William Langdon published in April 2014 in BioData Mining about mycoplasma reads in the 1000 Genomes sequencing data. He tested 2% of the total runs produced by the project (3982/187720) and found 7% of them (269/3982) to be contamintated with mycoplasma. A full description of the analysis can be found in his paper.
A full list of the runs Langdon tested and their contamination status can be found on our FTP site.
We recognise that there are mycoplasma sequence reads in some of the 1000 Genomes Project raw data sets but we do not believe that they have affected any of the published results and analyses, nor the use of data from the project by additional users.
The primary outcome from the 1000 Genomes Project is a collection of more than 35 million human genetic variants. These are obtained from reads that map to the human reference genome. As Langdon points out, the mycoplasma reads identified by Langdon do not map to the human reference genome, so they do not contaminate the results on human genetic variation.

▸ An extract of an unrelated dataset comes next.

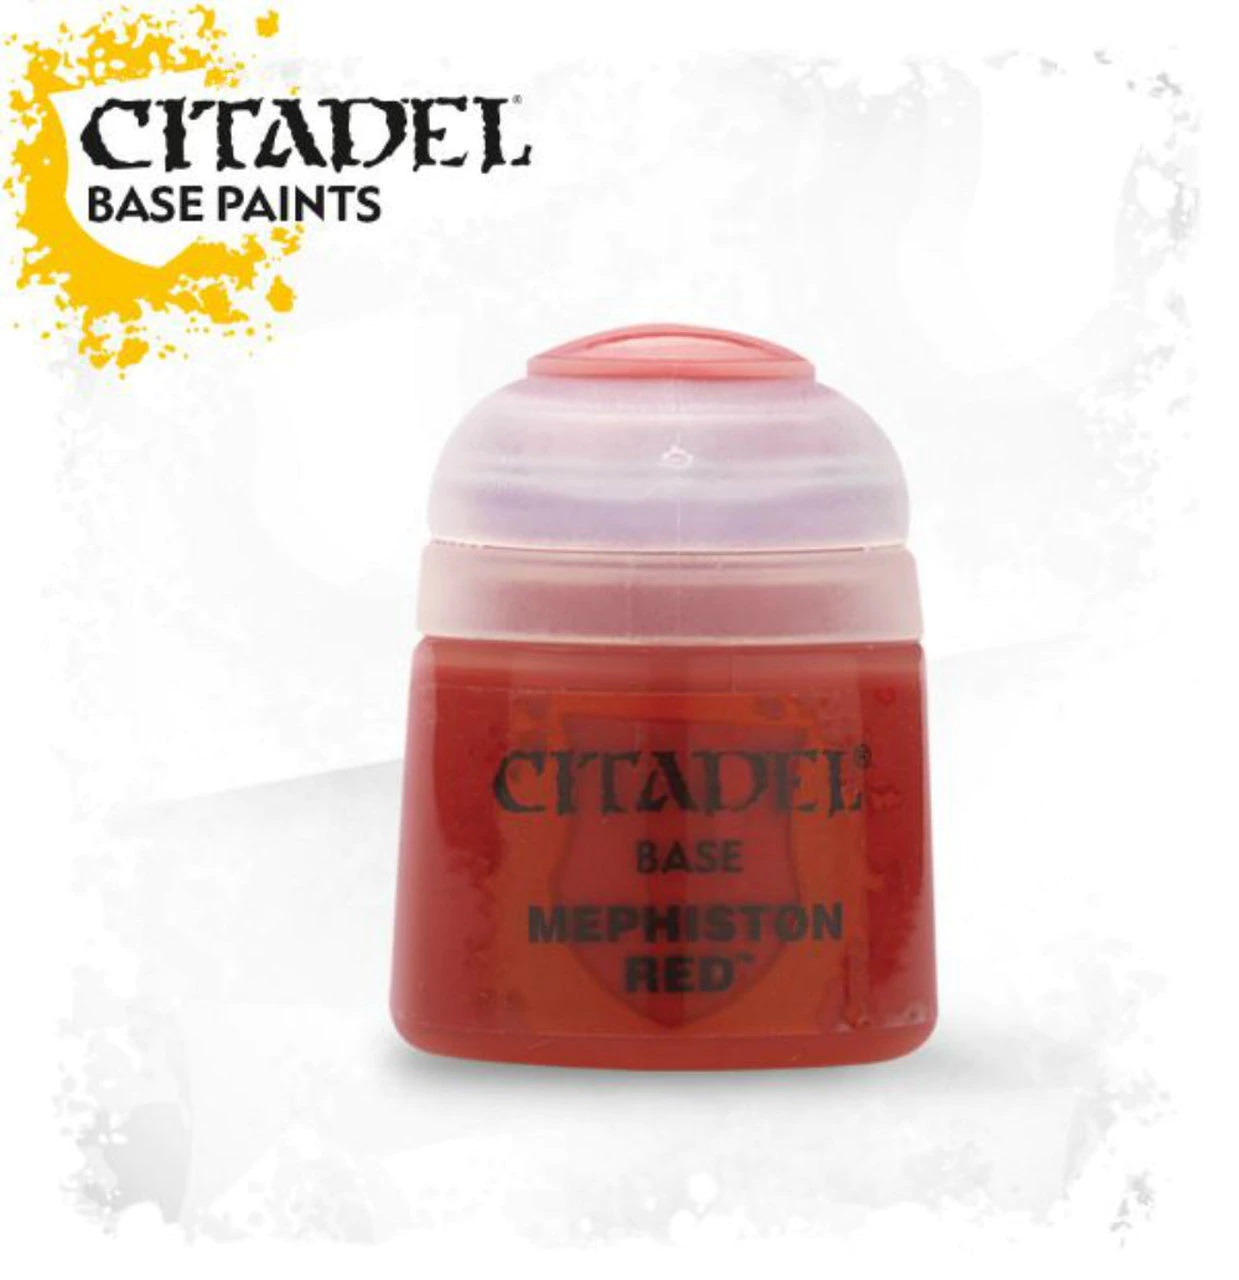 Citadel Paint: Base - Mephiston Red
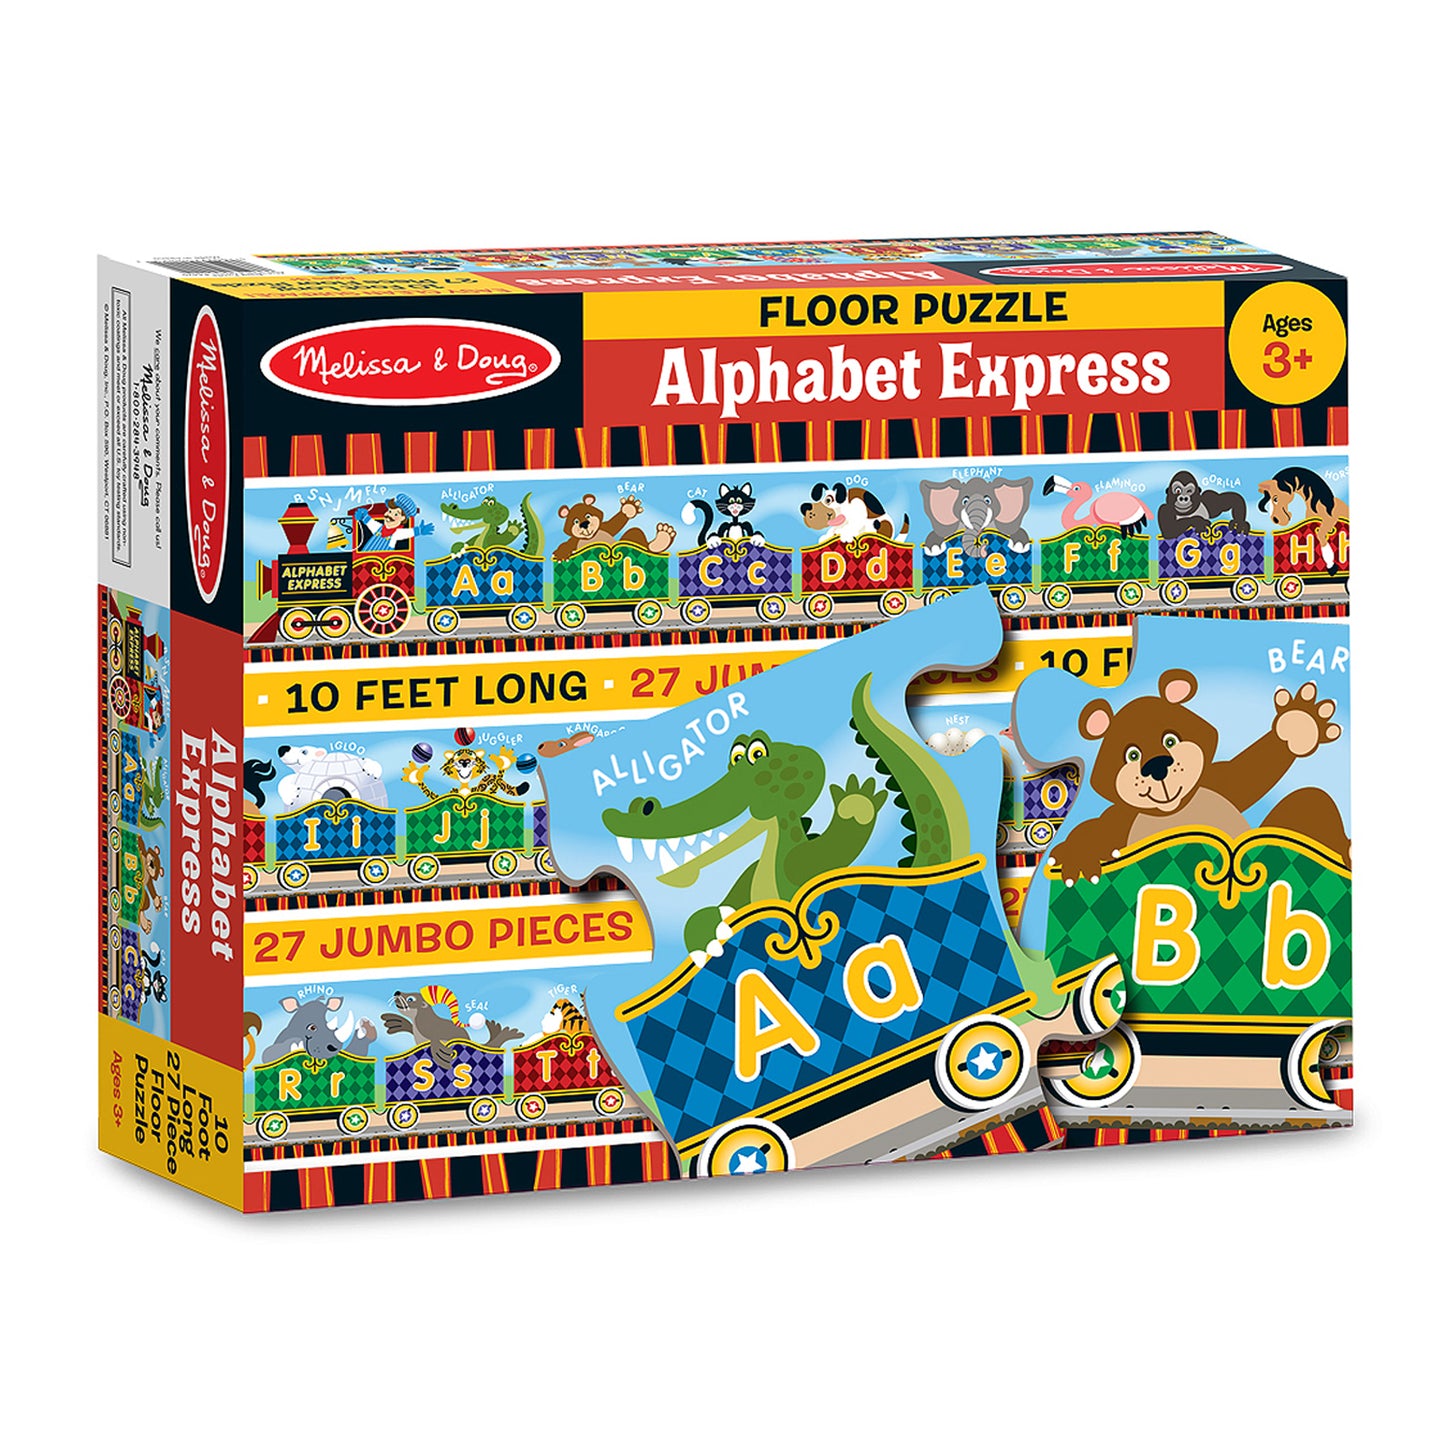 Alphabet Express Floor Puzzle, 10' x 6-1/2", 27 Pieces, Pack of 2

The 1000 Genomes Project makes its raw data sets available for reanalysis, and the complete read sets include mycoplasma reads, as well as reads from Epstein-Barr virus (EBV) and potentially from other non-human organisms that may have been present in the starting material. However the project also makes aligned data sets available and the vast majority of users only examine the reads aligned to the human reference, along with the inferred individual genome sequences derived from them. We make all the original raw data available as a matter of policy, both for transparency with respect to our data processing, and also to support those who would like to examine additional technical or biological phenomena that can be derived from the data.
Most of the DNA used for 1000 Genomes Project sequencing was obtained from immortalised cell lines and, although mycoplasmal infection of laboratory cell lines is undesirable, it is not a great surprise that some of these had mycoplasma infections, especially given that some of the cell lines and DNA were prepared a long time ago.